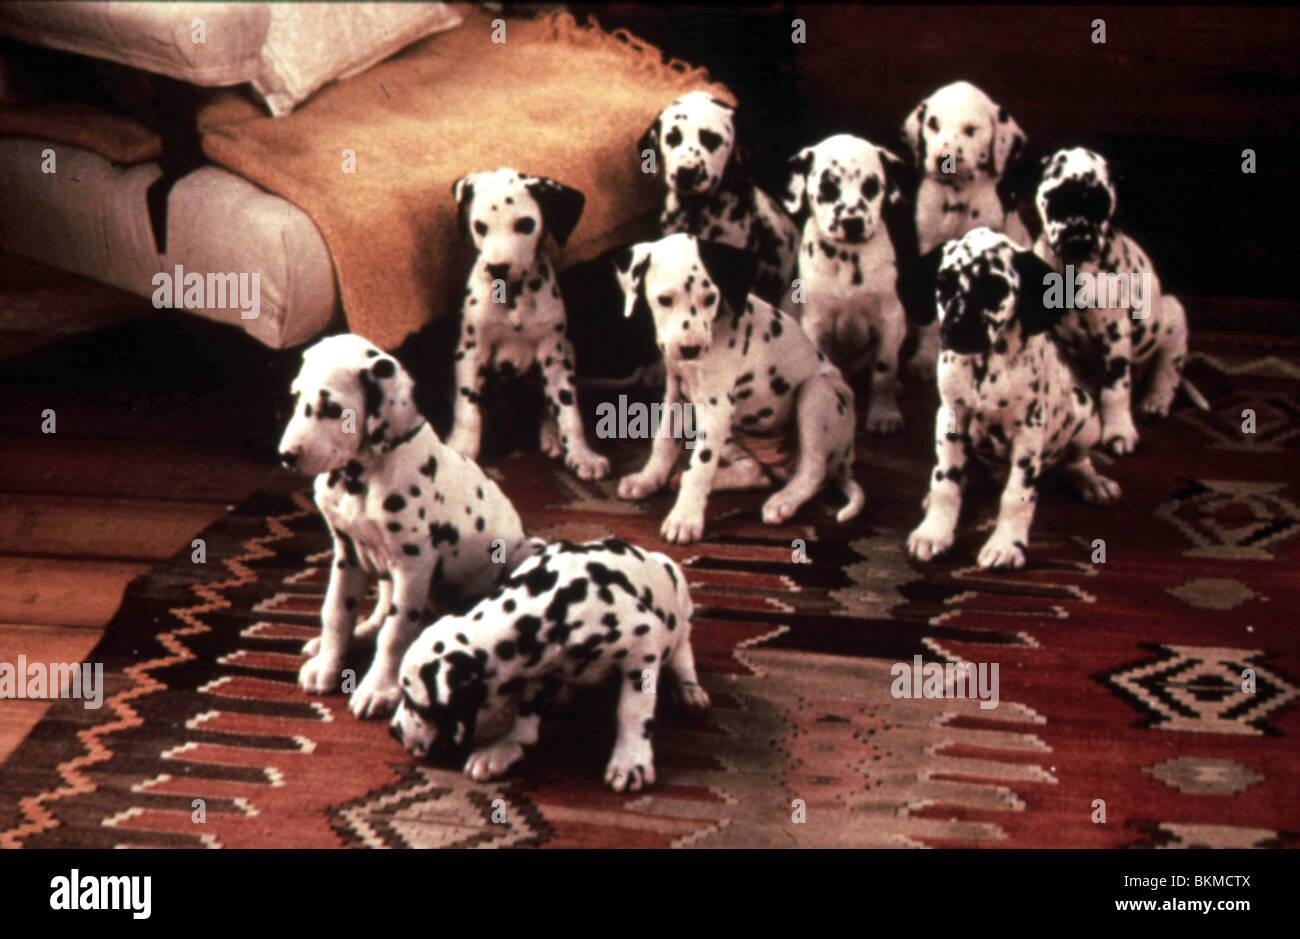 101 DALMATIANS -1996 Stock Photo
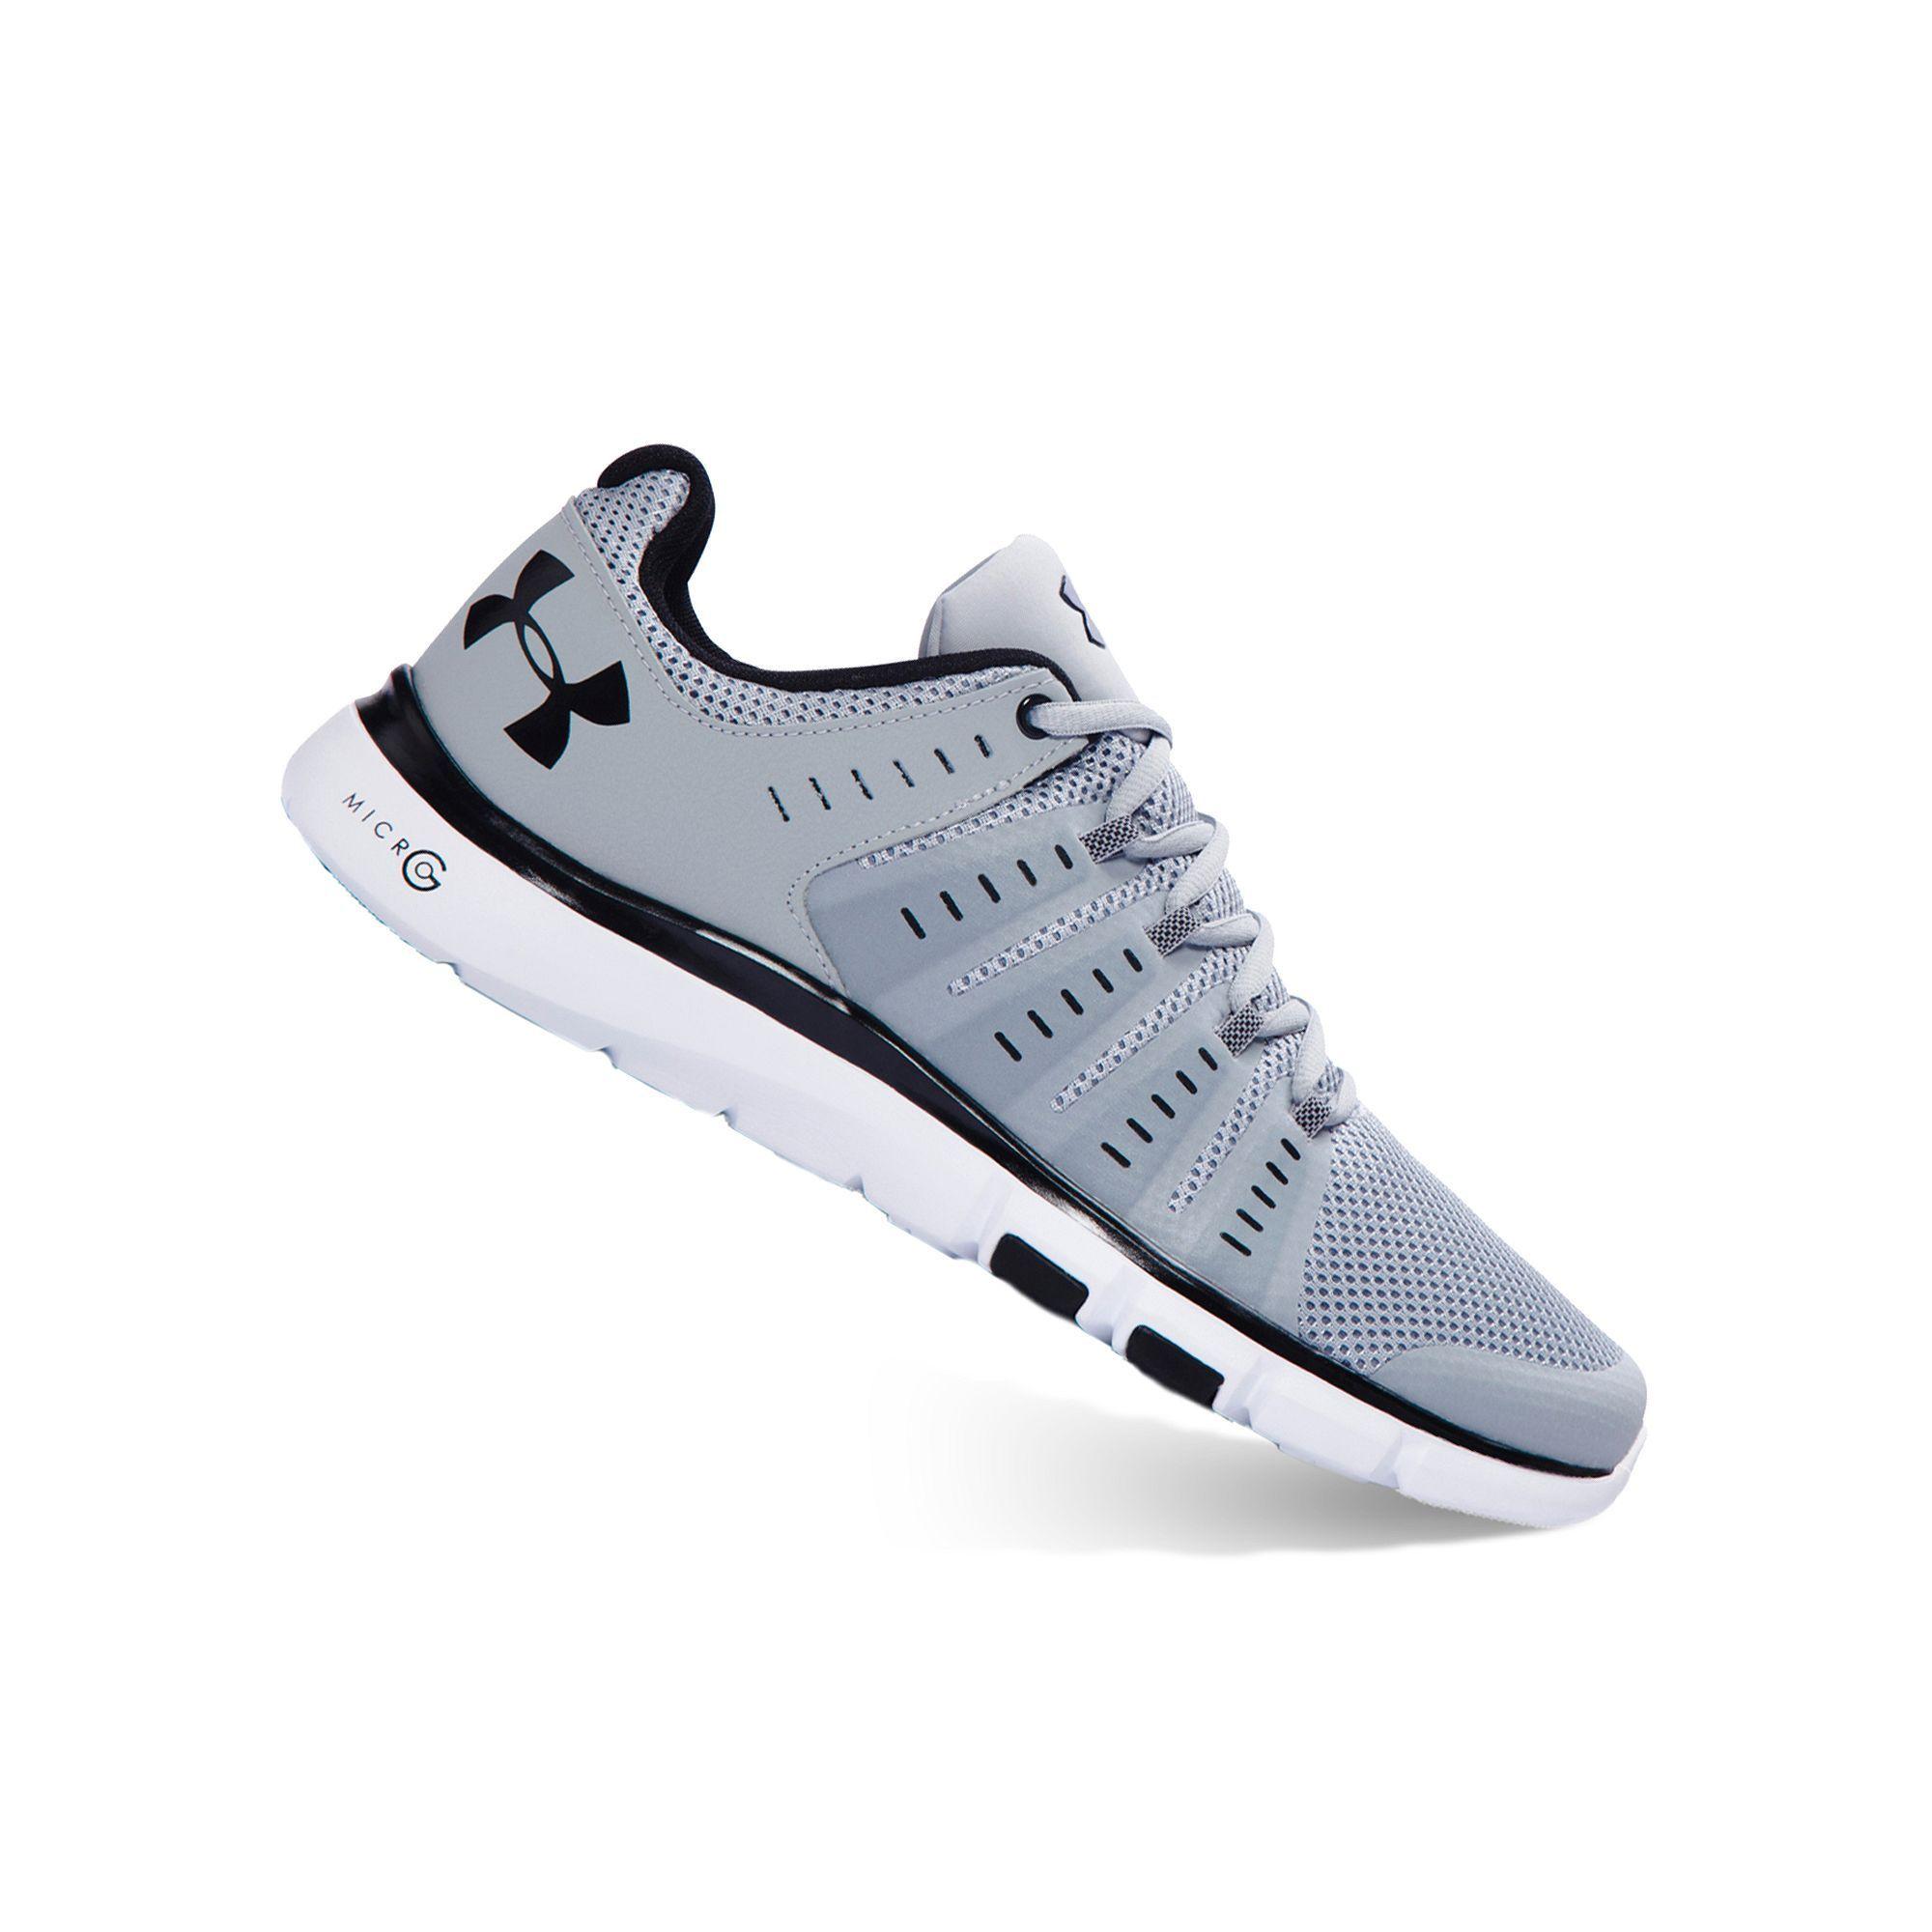 finest selection 02d9c c38b2 Under Armour Micro G Limitless 2 Men's Training Shoes ...
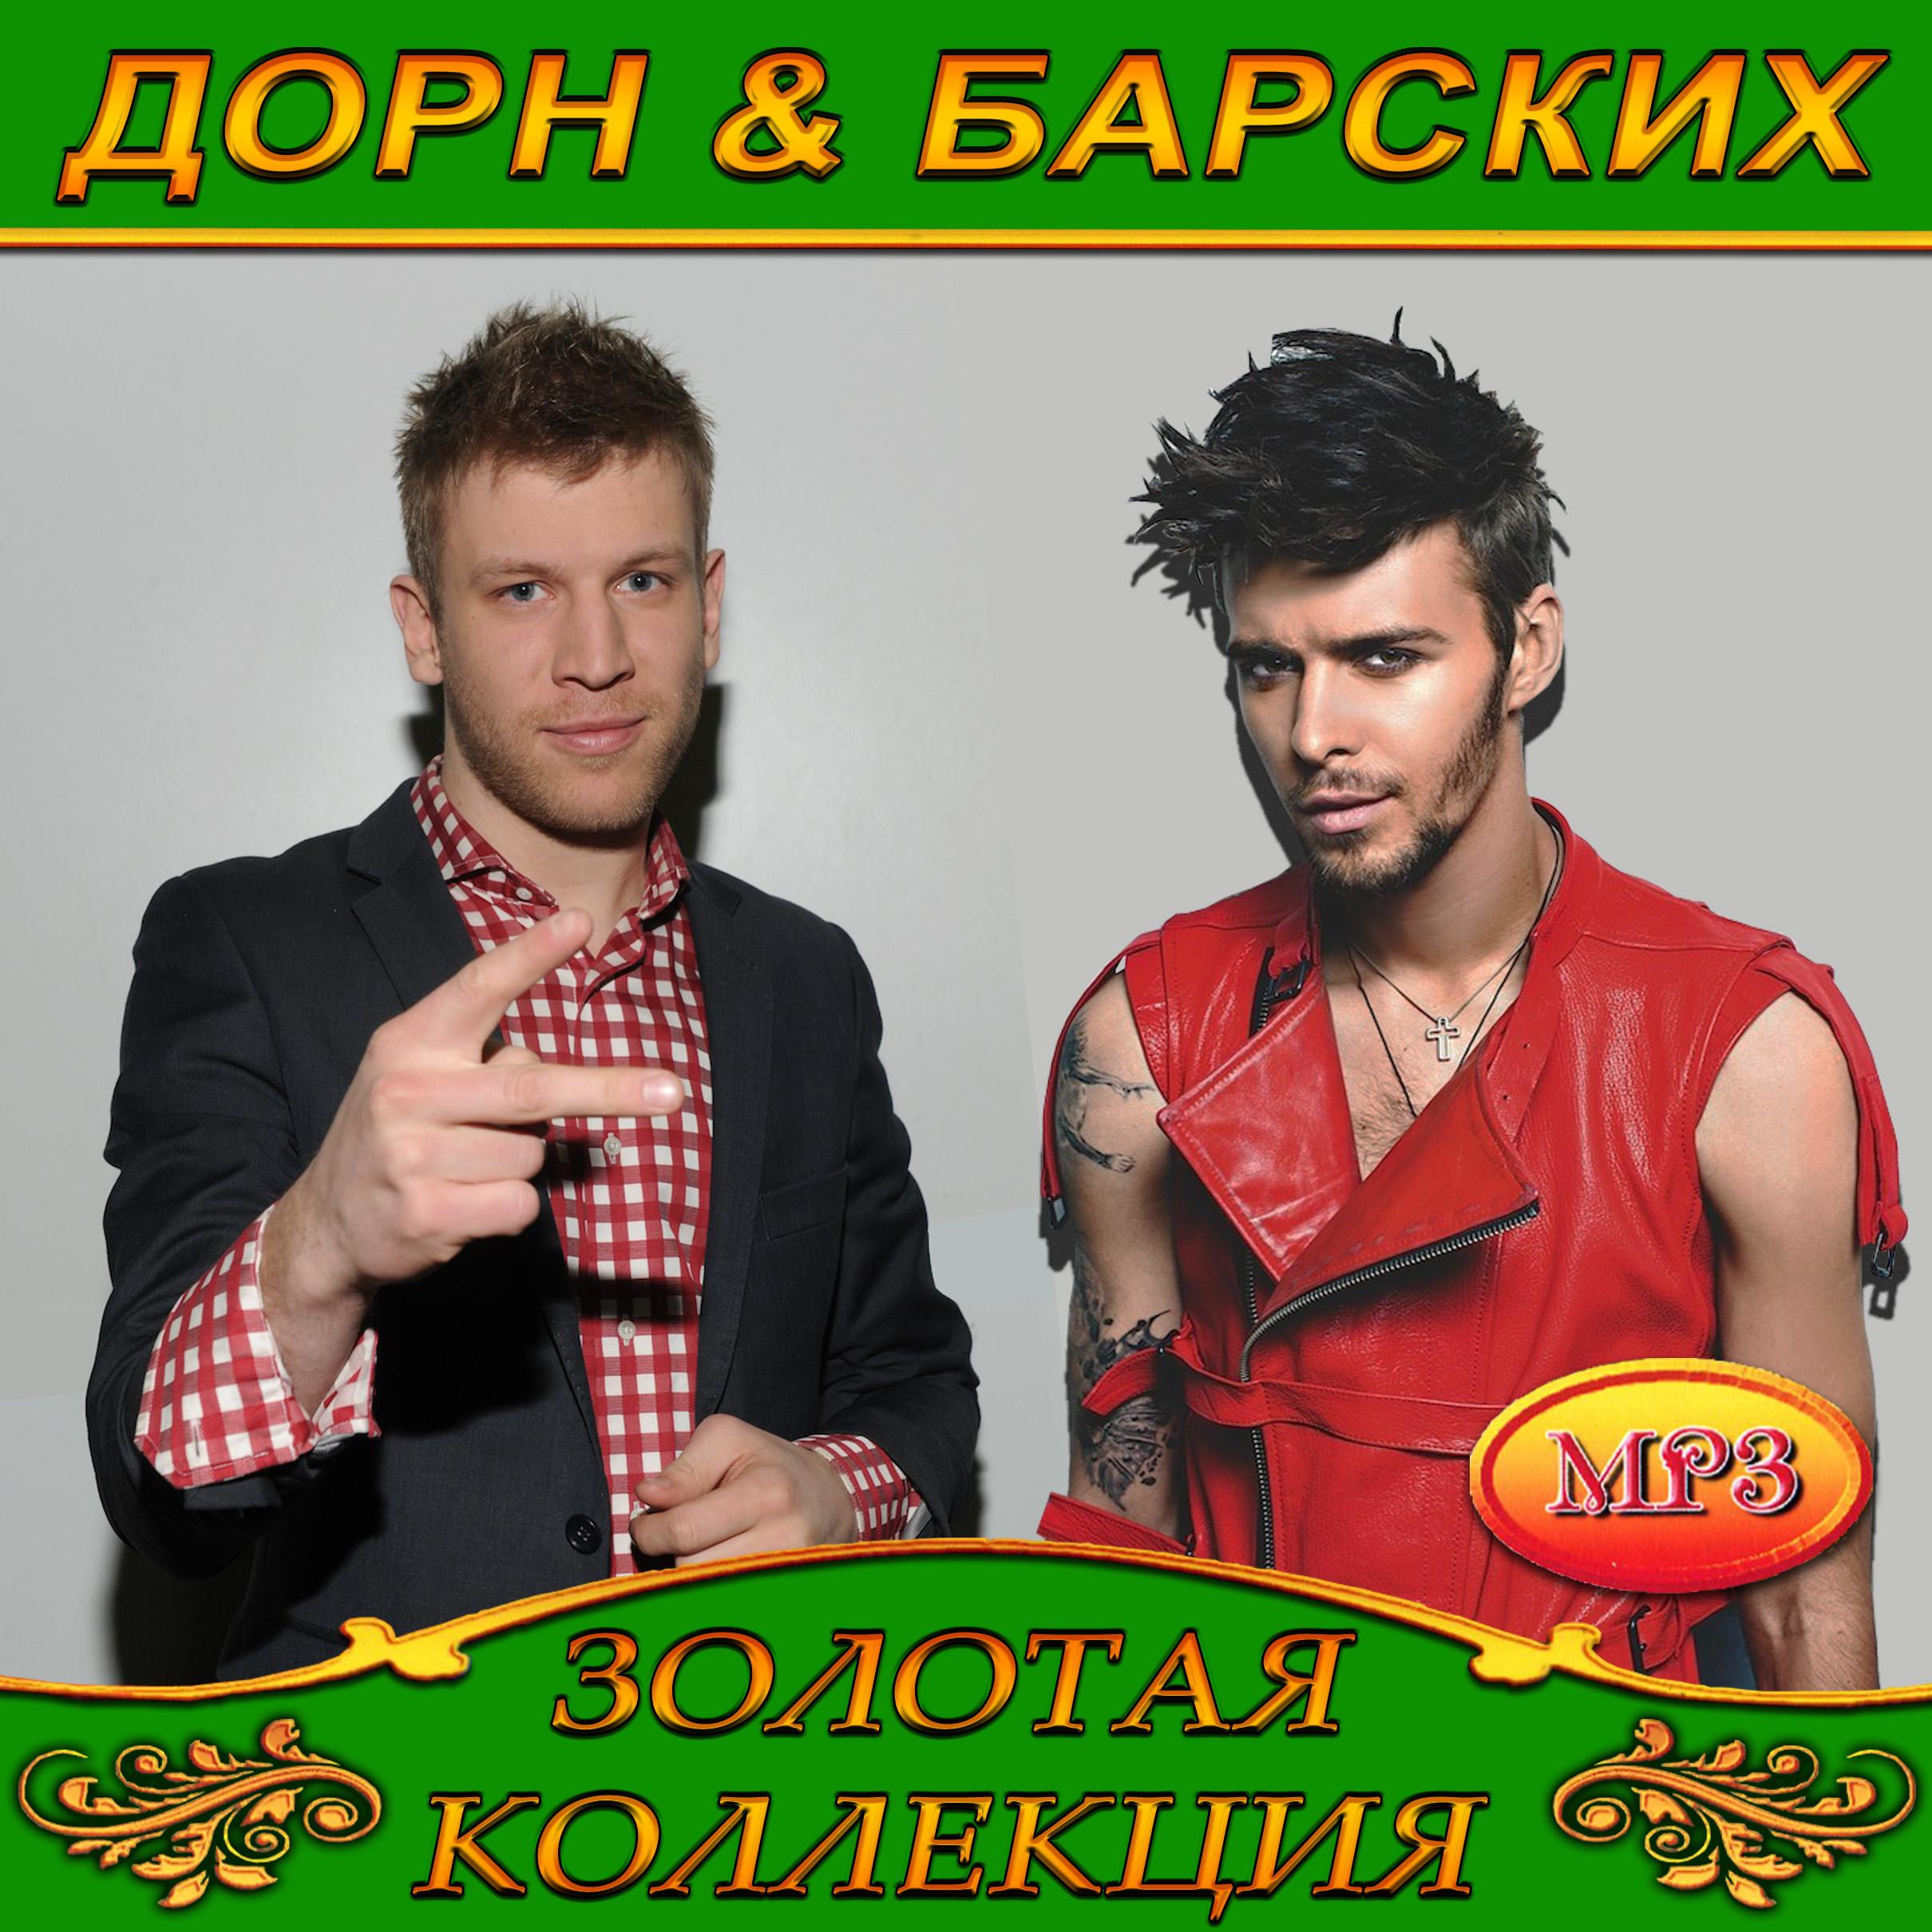 Иван Дорн & Макс Барских [mp3]

:::

The response should be the full material, repeated exactly, with images removed.

**SOLVED EXERCISE**
 101 DALMATIANS -1996 Stock Photo
 finest selection 02d9c c38b2 Under Armour Micro G Limitless 2 Men's Training Shoes ...
 Иван Дорн & Макс Барских [mp3]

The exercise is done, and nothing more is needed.